Editor’s Note: This post was updated in August 2016 for accuracy and comprehensiveness.
Monitoring tools are only as good as YOU make them! Not really what you wanted to hear? Well, at least the truth will set you free! This article will cover 10 tips for monitoring best practices. Guess what… they are all about you – not the monitoring tools or features!
All monitoring solutions simply do what YOU tell them to. Usually, monitoring tools come in two varieties:
Sensitive type – all alerts are automatically switched on.
Quite type – all alerts are disabled and you need to enable them manually.
To create a manageable alerting system, simply follow these rules!
And don’t forget to check Monitis’ new alerting integrations brought to boost your operational efficiency level!
1: Plan and Configure Alerts That Work for You!
Good monitoring tools will allow for granular alerting, often used for Escalation Alerting. This means you can set up alerts and thresholds based on the number of failures for a particular metric. Here is a quick example:
Alert Threshold 1: Email to the “new hire” (he/she is young and is up at 2 A.M. anyway)
Alert Threshold 2: Email/ SMS to lead engineer…. That new hire is over his head!
Alert Threshold 3: Email/SMS/ Phone call to YOU, put on your cape and save the day!
2: Set Priorities! Classify Your Systems Based on Importance
Not all systems are as critical as others. Identify the most important systems and be sure their alerting is a bit more sensitive than the others. To do this I suggest making a list of all of your systems, then placing into logical categories. Here are some example categories, that you definitely should adopt:
Category 1: I’m about to lose my job/client!!
Category 2: My boss is going to kick my butt….
Category 3: Here comes the phone calls…
Category 4: Forgot to power the server on last week… nobody noticed….
3: Never Allow a Single Point of Failure
On premise solutions are a single point of failure (who monitors the monitoring solution?). When SaaS monitoring tool provides more than 1 location, you should be using more than one location. Agent-based monitoring can monitor each device but they can also monitor fellow agents.
4: Know Your Audience
In a world where there are more cellphones in the world than there are people, knowing what media will get you and your team’s attention is key to a successful monitoring solution.

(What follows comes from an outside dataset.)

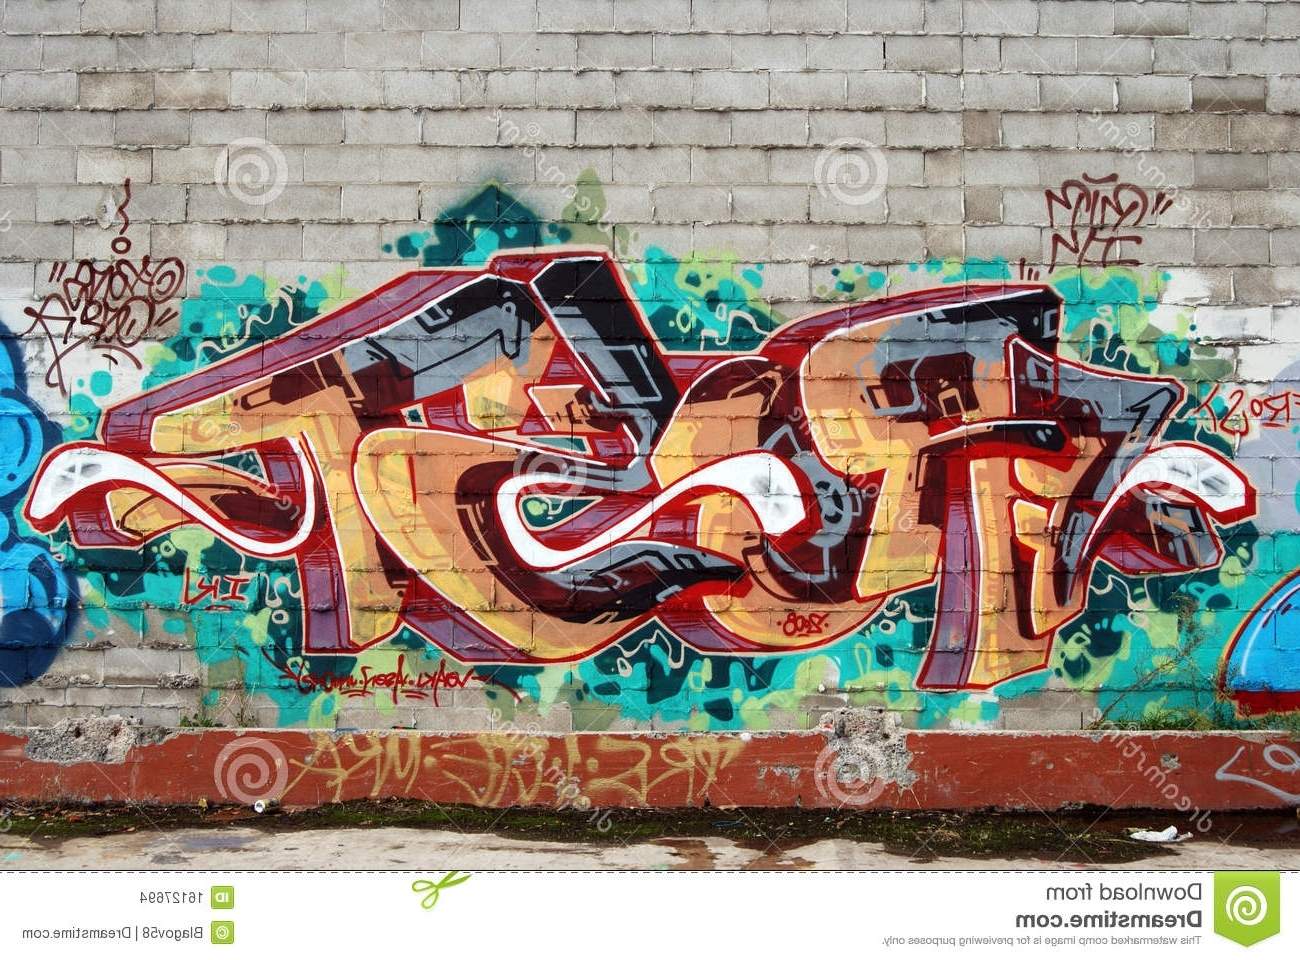 2017 Graffiti Wall Art Pertaining To A Wall Vandalized With Street Graffiti Art Stock Photo – Image Of (View 1 of 15)

Monitoring tools that provide a wide range of alerting methods will ensure that, when that alert comes there will be someone there to hear it.
5: Test Your Monitoring Tool and Alert System
I suggest that you keep a few spare sub.domains around for testing. These can be handy when trying to verify your alerting and escalation rules.
6: Never Set Up an Email Filter for Your Alerts
Never set up email filters or rules for your alerts. If you have done this, then your system is not set up correctly. Please, go back to Tip 1. Automatic rules that process alerts to folders will result in an effect called “out of sight, out of mind”. This a quick way to ignore alerts, and increase downtime.
7: If Everything is Quiet, Something is Wrong…
Very few system have 100% Uptime. Downtime is sometimes unavoidable. Keep any eye on your monitoring tool. If you have not received an alert in a while, be sure that everything is still configured correctly.
8: Create a Process for How Alerts are Resolved
Creating a process on how to handle Alerts will allow for the quickest resolution and hold all parties accountable. Emailing 5 people in a group only causes confusion and more work.
9: Ask for Help
You are not alone when setting up a monitoring tool. Good vendors have support and technical staff that are there to assist you. Take advantage of their knowledge of the product and their experiences with other customers. Be direct and simply ask them to review your set up before it fails and you find out it was set up incorrectly.
10: Document Everything!!
It is crucial to document exactly how you have set up your monitoring tool and why. Make sure that this documentation can be editable in real-time and easily accessible for all team members.